Fracturas actuales, como el Brexit, son vistas por el eje francoalemán como un daño autoinfligido de los británicos, históricamente reacios a avanzar más allá de una unión arancelaria y de mínimos geoestratégicos y principales promotores de la expansión a la UE al Este europeo.

Fotograma de «Au nom de la terre» (Édouard Bergeon, 2019)

La supuesta desafección entre la población de los países miembros y el edificio común no es un fenómeno ni homogéneo ni generalizado, y en el punto de vista de la población se perciben todavía, a grandes rasgos, las grandes heridas de la historia.

A golpe de mapa gráfico de Eurostat, se observan contrastes como el dinamismo de la ciudad, la logística y la gran distribución contra la despoblación y el abandono de los pequeños negocios y explotaciones agropecuarias; o la relativa tolerancia de la Europa de los 15 frente al nativismo en los antiguos miembros del Pacto de Varsovia.

Vigencia de un proyecto de compromiso

En el núcleo fundador de la Comunidad Europea, sólo Italia ha flirteado con un gobierno abiertamente populista en los últimos años, pero el auge y consolidación de partidos nacionalistas de corte esencialista es un fenómeno generalizado, como lo demuestra el ascenso meteórico de Vox en España, que crece entre los desencantados del PP y Ciudadanos.

Vox no es un fenómeno estanco, como tampoco puede comprenderse el fenómeno de los «chalecos amarillos» en Francia, ni el de los autoproclamados CDR en Cataluña, sin la existencia de fracturas a menudo estructurales, que han aumentado con una percepción —casi siempre interesada— de falta de contacto entre centro administrativo y económico y periferias; entre clase política y población; entre pujanza económica urbana y marginación del campo; entre los supuestos ganadores y los supuestos perdedores de la mundialización.

La Comunidad Europea surgió en el contexto de colaboración del núcleo del continente que había quedado bajo auspicio estadounidense al fin de la II Guerra Mundial, en un inicio como mera colaboración para impulsar la industria y la reconstrucción.

La CECA (Comunidad Europea del Carbón y el Acero) impuso su importancia a los otros acuerdos estratégicos derivados de los Tratados de Bruselas (1948), París (1952) y Roma (1957): la Comunidad Europea de Defensa (CED), que continúa tan en ciernes como en sus inicios; y la Comunidad Económica Europea, CEE.

La moda iliberal de atacar a Jean Monnet

Pero la comunidad del carbón y el acero (CECA) prevía mucho más, como lo demostraron los encuentros entre Francia y la RFA iniciados por Konrad Adenauer y Charles De Gaulle, y constituidos en liturgia europea cuando François Mitterrand y Helmut Kohl se mostraron de la mano en Verdún en 1984. En paralelo, las tres comunidades europeas se habían aglutinado en torno a la Comisión Europea y el Consejo de la Unión Europea.
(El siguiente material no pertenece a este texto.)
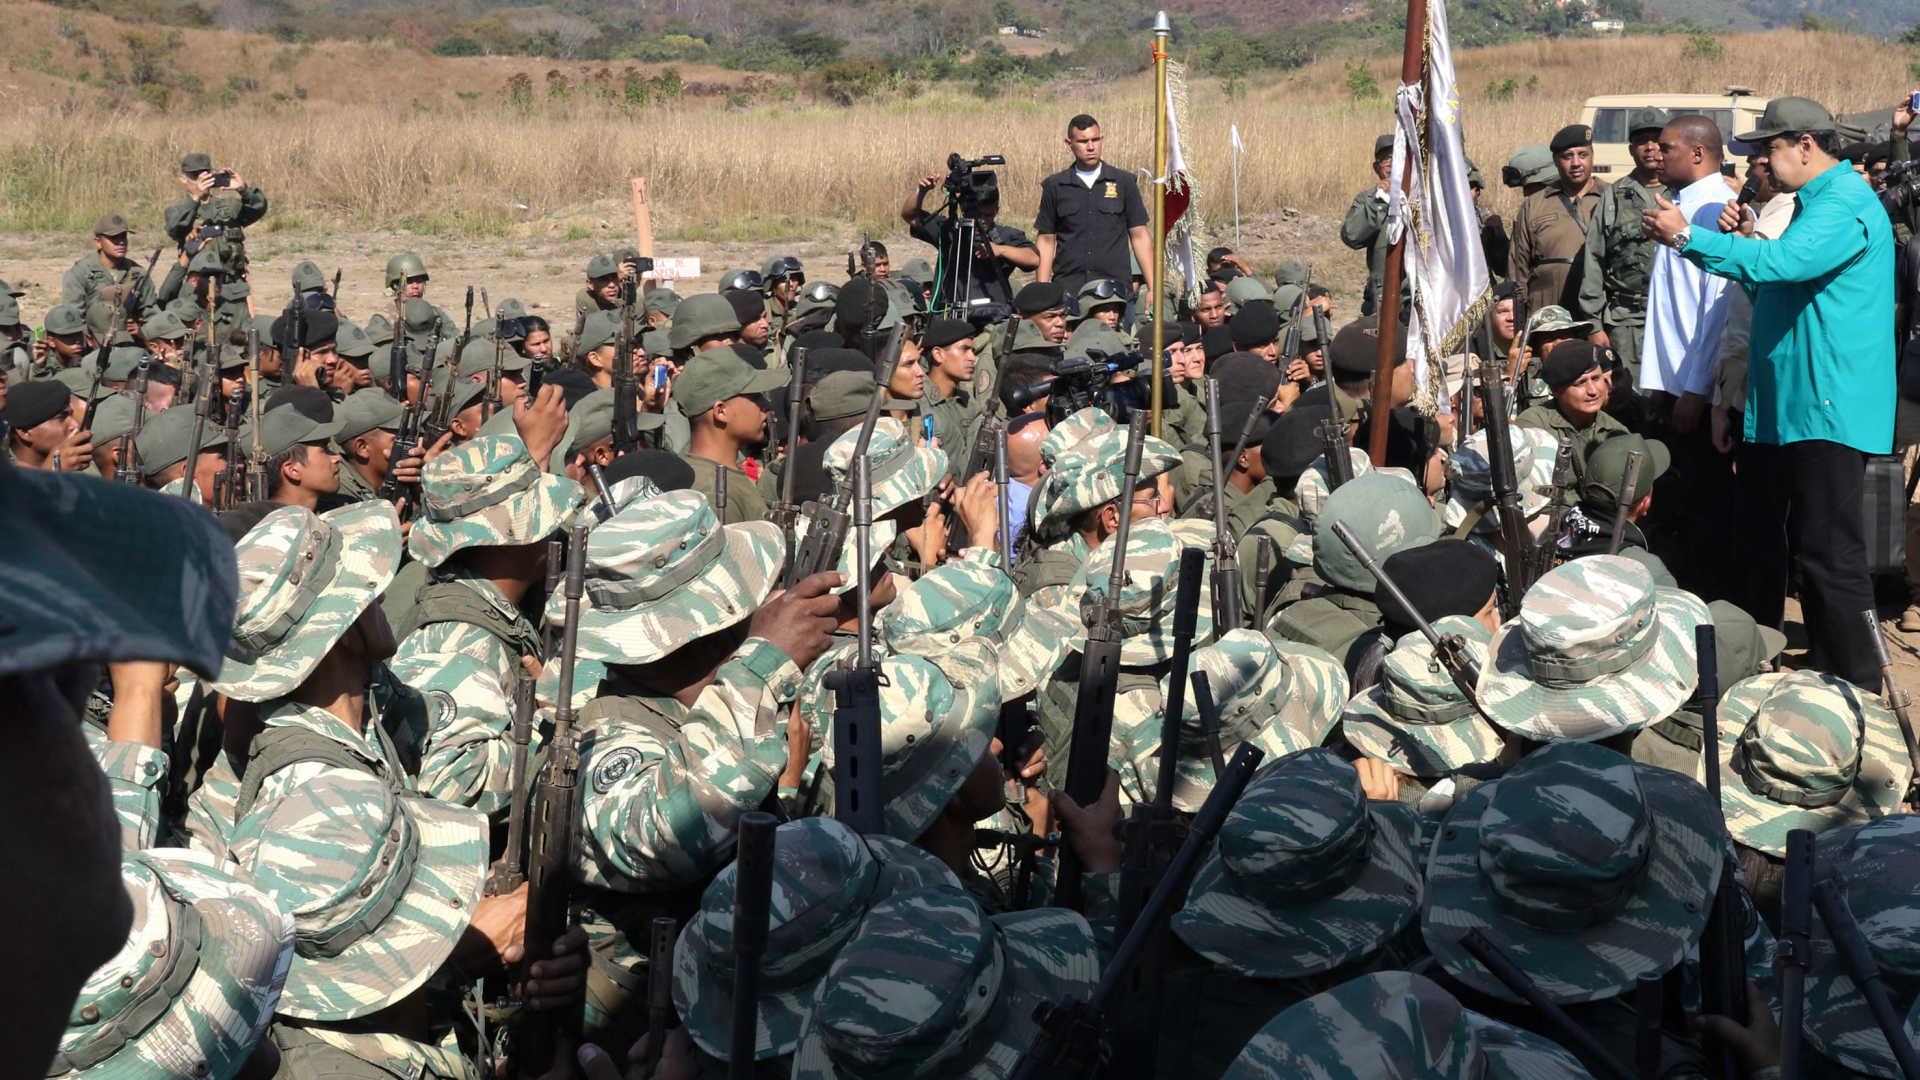 - Militares e Maduro - Militares venezuelanos emitem seus próprios cartões de crédito após sanções dos EUA

En 1986, coincidiendo con la entrada de los países ibéricos, entraba en vigor el Acta Única Europea. Si alguien tenía alguna duda, el Acta Única dejaba claro que la construcción se llevaría a cabo, en primer lugar, un mercado interior que permitiera la circulación de capitales y servicios. La cultura y el propio sentimiento de pertenencia de la ciudadanía ya llegarían. Esta fue, al menos, la apuesta del momento.

Para lograrlo, la entonces Comunidad Europea, posteriormente Unión Europea, debía ser a la vez un homenaje y un antídoto para la historia, y el único modo de consolidar el edificio común propuesto por Jean Monnet consistía en dar contenido práctico a la futura unión. Pocos se atrevían entonces a mencionar el objetivo de unos Estados Unidos de Europa.
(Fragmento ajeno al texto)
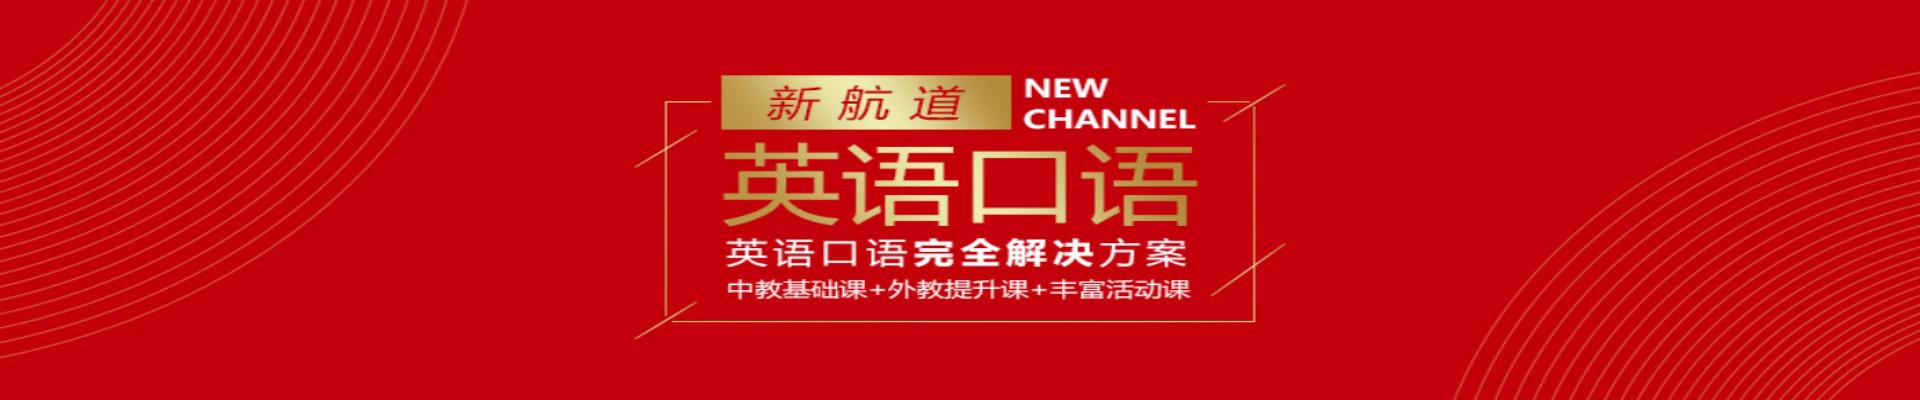 武汉湖大新航道英语培训

La amalgama de valores universales, lugares comunes de la civilización europea y utilidad económica partió desde el inicio con dificultades para erigir una identidad europea real e inclusiva: el celo de los Estados y la problemática de proximidad de las distintas poblaciones jugaron en contra de un sentimiento de permanencia adscrito a los mejor posicionados para conocer otras lenguas, viajar al resto de países y mantener vínculos transnacionales.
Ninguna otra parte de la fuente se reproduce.